TASK STATEMENT >>
Quote every line below exactly and skip any picture.
[[ DATA SEGMENT, beginning ]]
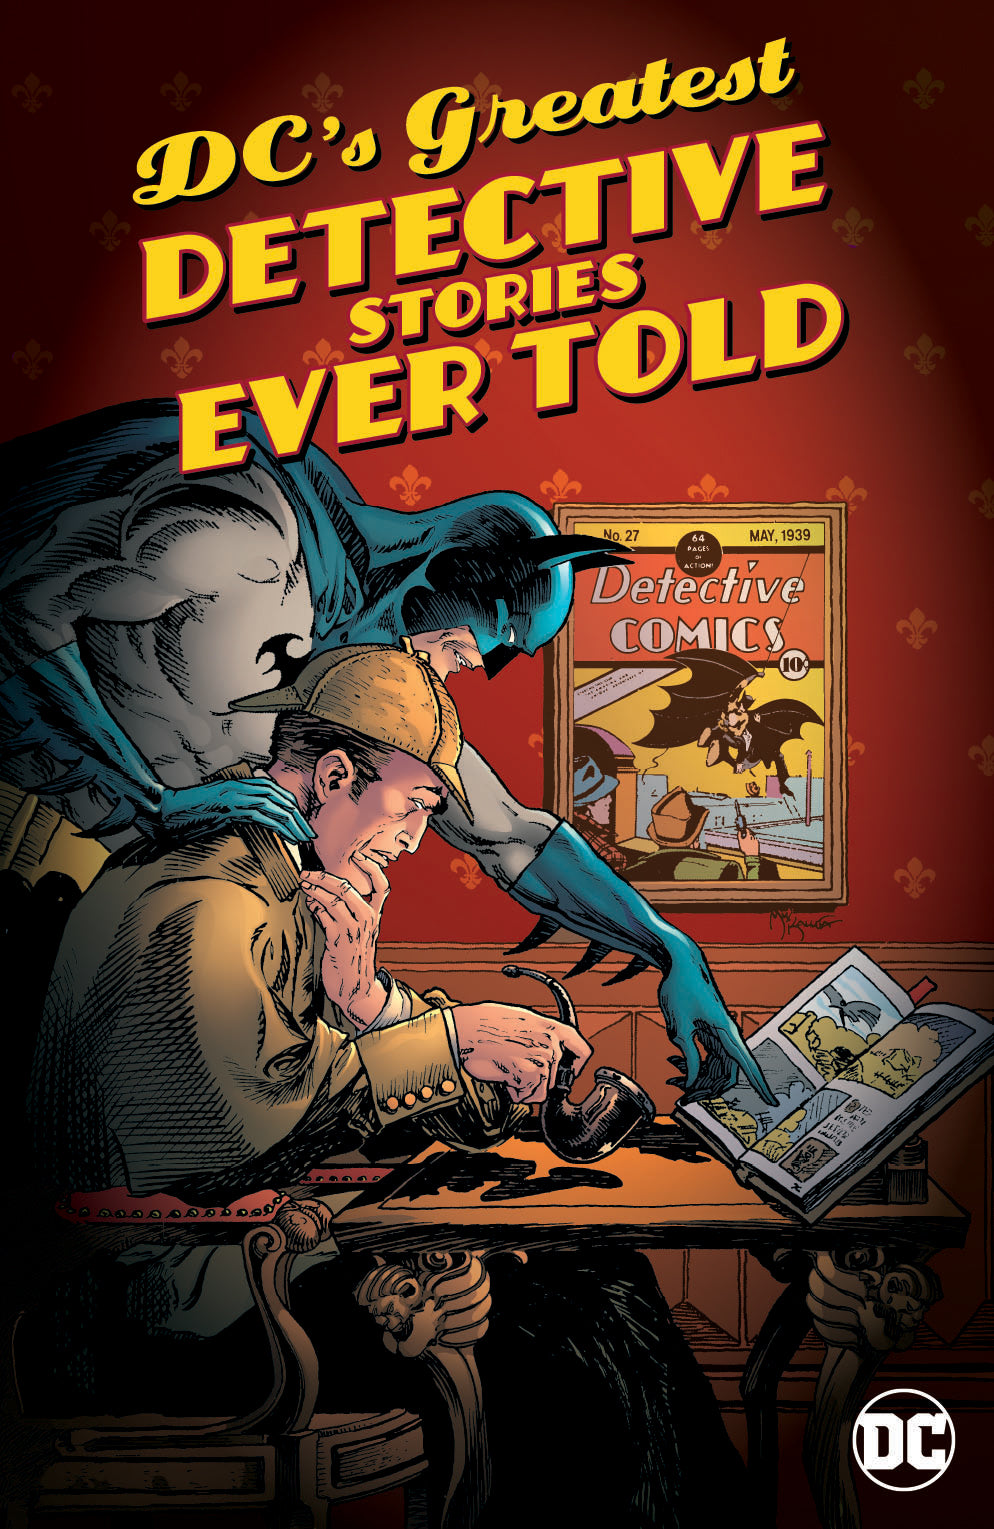 DCS GREATEST DETECTIVE STORIES EVER TOLD TRADE PAPERBACK
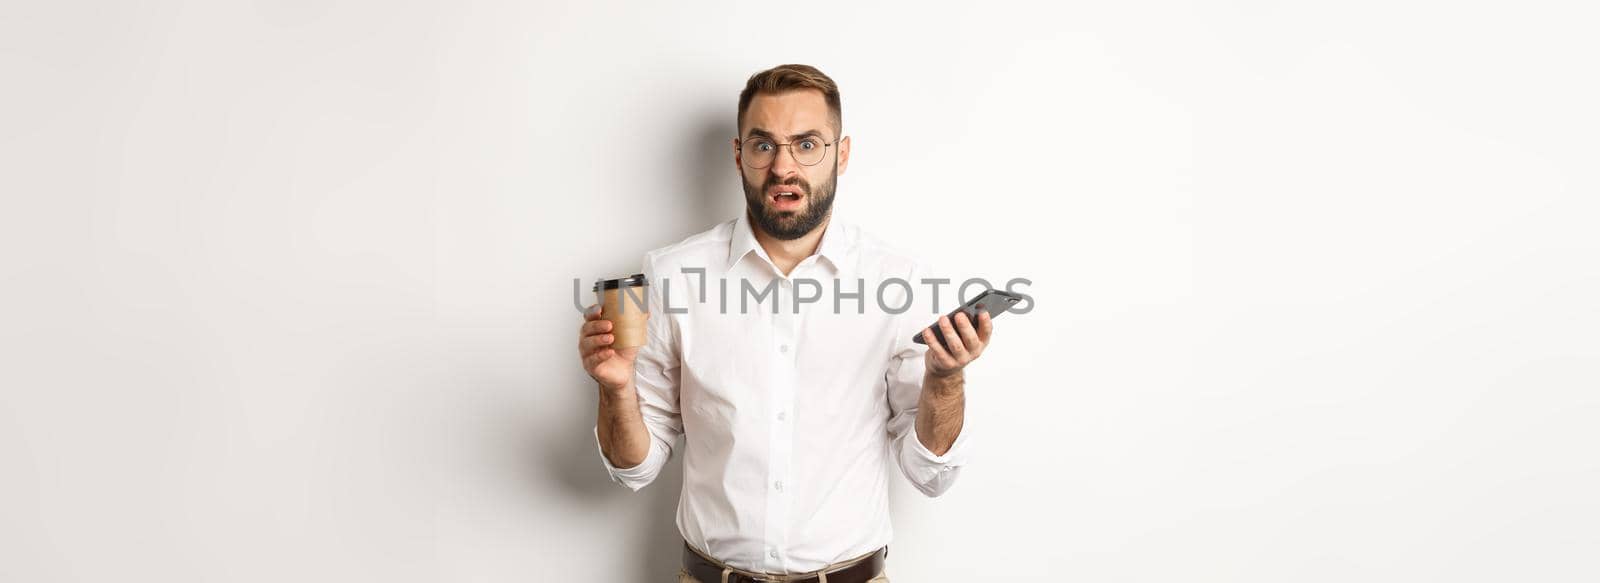 Image of man drinking coffee, feeling confused about strange message on mobile phone, standing over white background.
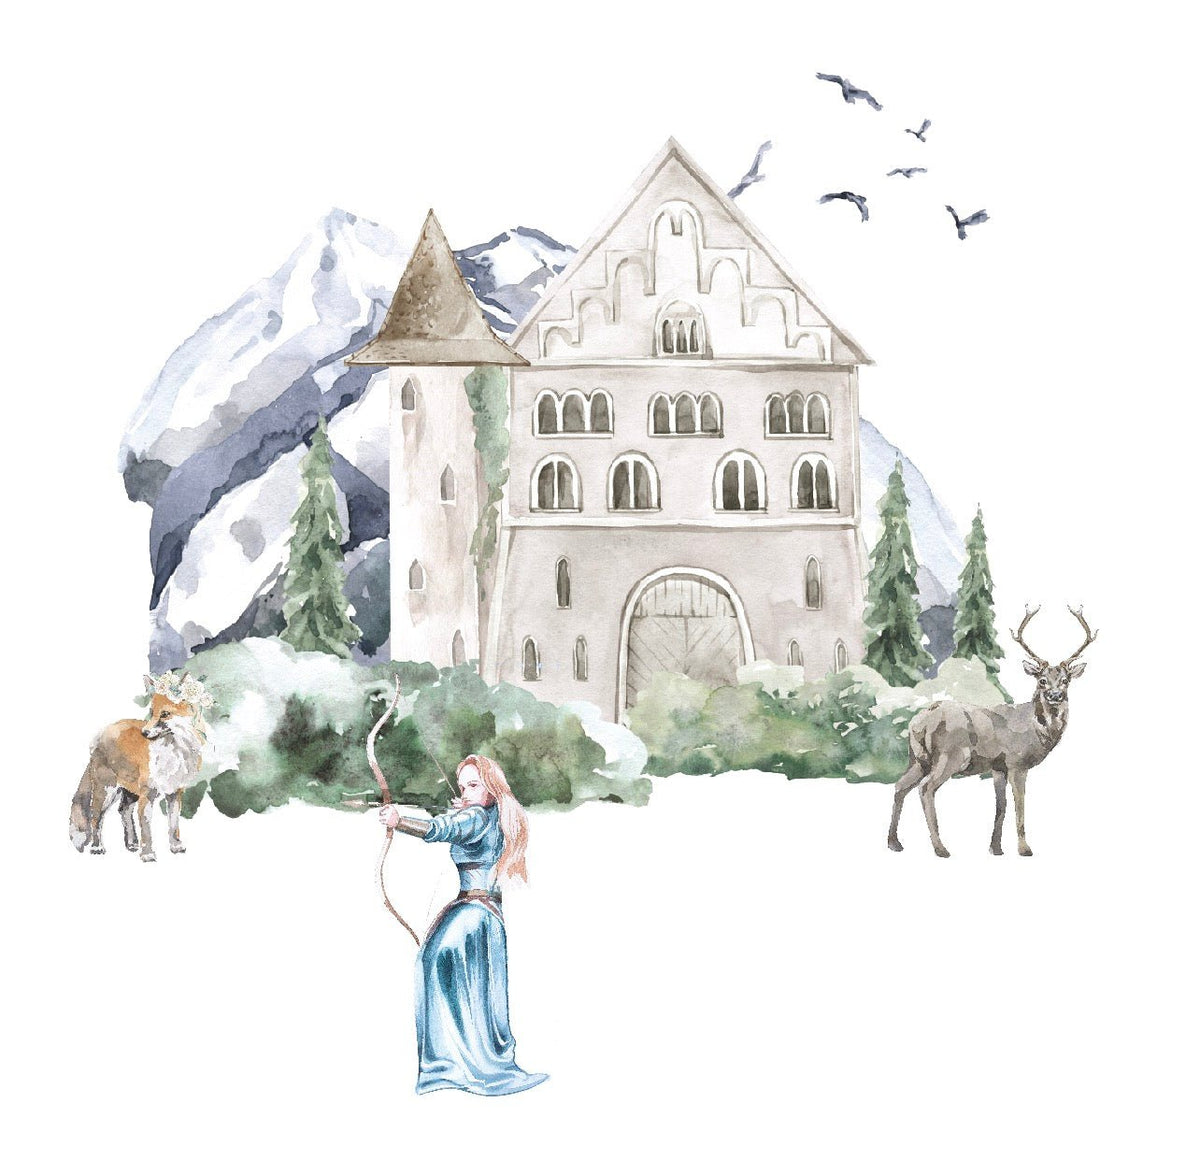 Watercolor illustration of a Fairytale Princess Decals castle in the mountains with a woman in blue clothing holding a bow, surrounded by deer and birds flying overhead.
[[ DATA SEGMENT, end ]]
RESPONSE FOR THIS EXERCISE >>
 DCS GREATEST DETECTIVE STORIES EVER TOLD TRADE PAPERBACK
 Image of man drinking coffee, feeling confused about strange message on mobile phone, standing over white background.
 Watercolor illustration of a Fairytale Princess Decals castle in the mountains with a woman in blue clothing holding a bow, surrounded by deer and birds flying overhead.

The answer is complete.